Катер был битком набит теми самыми треуголками, к которым, в силу национального предубеждения, столь неприязненно относился мистер Миглз. Обладатели голов, на которых сидели упомянутые треуголки, сошли на берег и по крутым ступеням поднялись к бараку, где уже толпились истомившиеся ожиданием пленники. Началось хлопотливое выправление бумаг, выкликались имена, скрипели перья, стучали печати, шелестели марки, лились чернила, шуршал песок, и в качестве плода всей этой деятельности являлось на свет нечто размазанное, шероховатое и неудобочитаемое. В конце концов положенные формальности были исполнены и путешественников отпустили на все четыре стороны.
В своем наслаждении вновь обретенной свободой они не обращали внимания на сверкающий зной. Разноцветные шлюпки помчали их по водам гавани, и вскоре они вновь собрались все вместе в большом отеле, где закрытые жалюзи преграждали доступ солнцу, а каменные плиты, которыми были вымощены полы, высокие потолочные своды и длинные гулкие коридоры умеряли нестерпимую жару. Там в парадной зале накрыт был парадный стол, поражавший глаз изобилием и великолепием; и все невзгоды карантина показались вскорости далекими и ничтожными среди изысканных закусок, прохладных напитков, заморских фруктов, цветов из Генуи, снега с горных вершин и радужных переливов света в зеркалах.
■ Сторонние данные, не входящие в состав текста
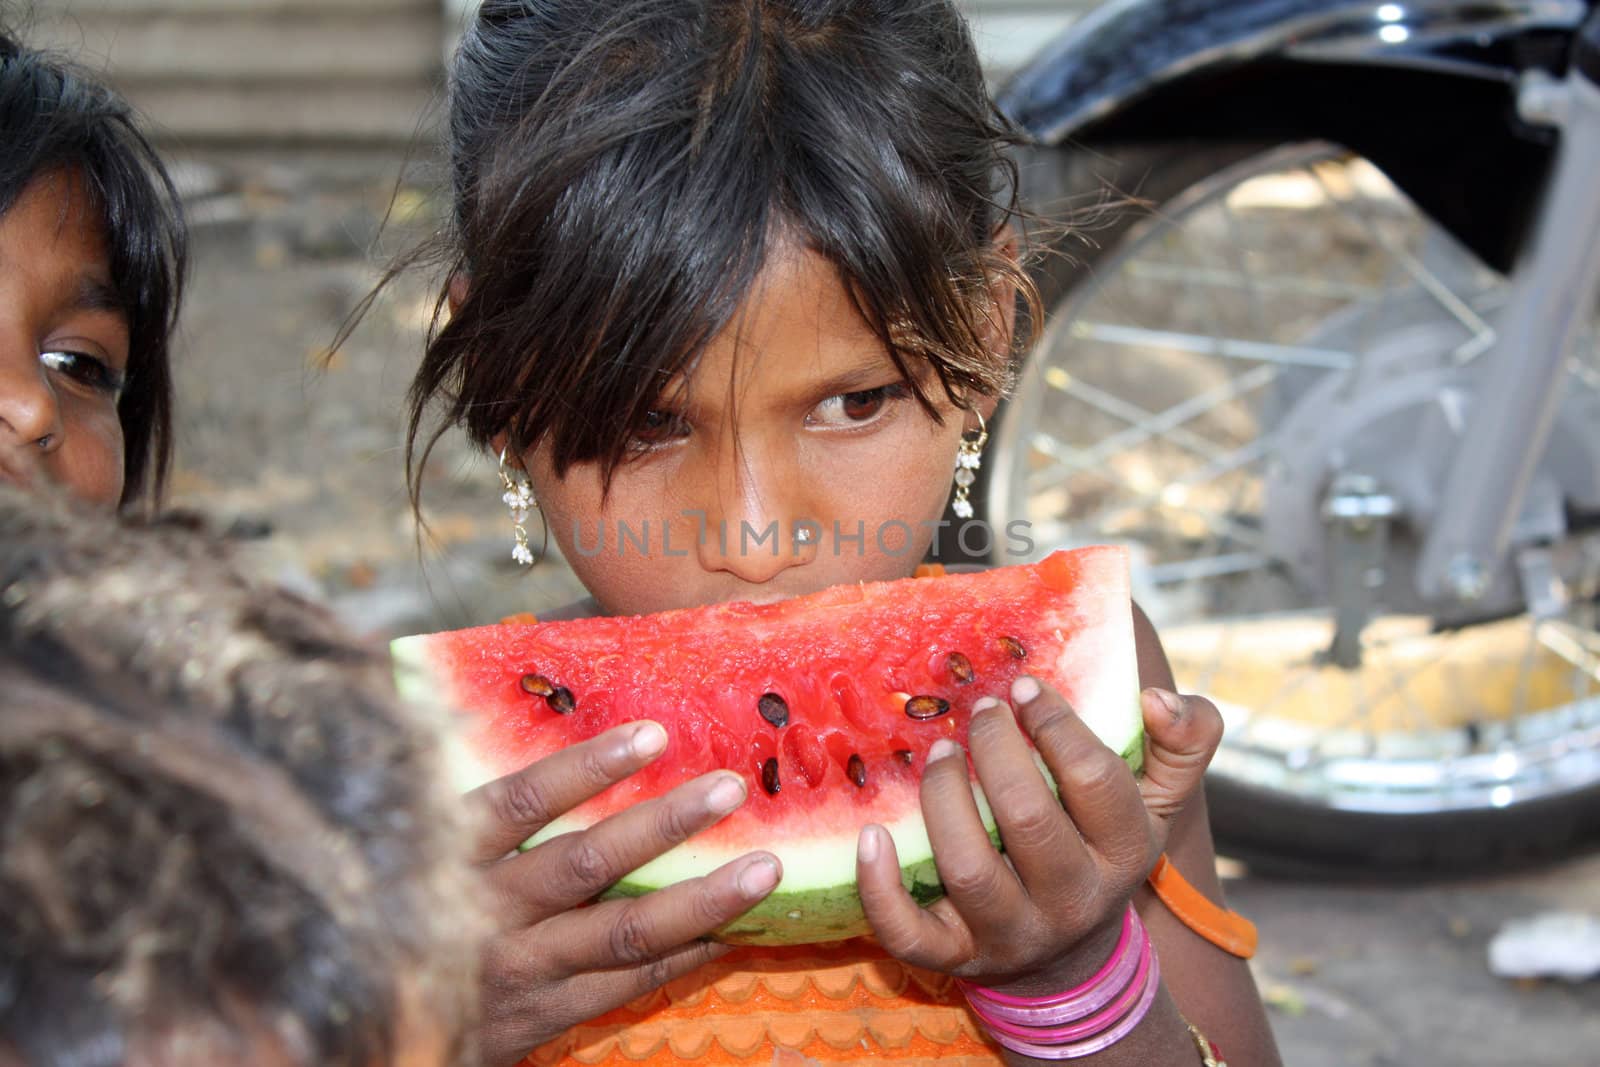 A hungry street-side Indian girl eating a watermelon.

— Я, кажется, уже без всякой злобы вспоминаю эти унылые стены, — заявил мистер Миглз. — Когда уезжаешь, всегда начинаешь относиться снисходительно к местам, которые ты покинул. Подозреваю, что даже арестант, освободившись из заключения, перестает ненавидеть тюремную камеру.
За столом сидело человек тридцать и все оживленно беседовали, причем естественно, что разговор шел по преимуществу между ближайшими соседями. Супруги Миглз и их дочь, сидевшая между ними, занимали крайние места по одну сторону стола; их визави были мистер Кленнэм, высокий француз с бородой и волосами цвета воронова крыла, в чьем облике было нечто мрачное и устрашающее, даже демоническое (впрочем, на поверку он оказался кротчайшим из людей), и красивая молодая дама, англичанка, от надменного взгляда которой, казалось, ничто не могло укрыться; она путешествовала в одиночестве и то ли намеренно сторонилась других пассажиров, то ли другие пассажиры сторонились ее — никто не мог бы сказать с уверенностью, кроме разве ее самой. Прочее общество являло собой обычную в таких случаях смесь. Путешествующие по деловым надобностям и путешествующие для удовольствия; военные из Индии, едущие в отпуск; негоцианты из Греции и Турции; англиканский священник в одежде, похожей на смирительную рубашку, совершающий свадебное путешествие с молодой женой; семейство английских патрициев, состоящее из величественных папеньки с маменькой и трех недозрелых дочек, которые ведут путевой дневник на пагубу ближним; еще одна английская мамаша, старая и тугоухая, но неутомимая путешественница, а при ней вполне, даже чересчур зрелая дочка, прилежно срисовывающая в свой альбом пейзажи всех пяти частей света в надежде когда-нибудь дорисоваться до замужества.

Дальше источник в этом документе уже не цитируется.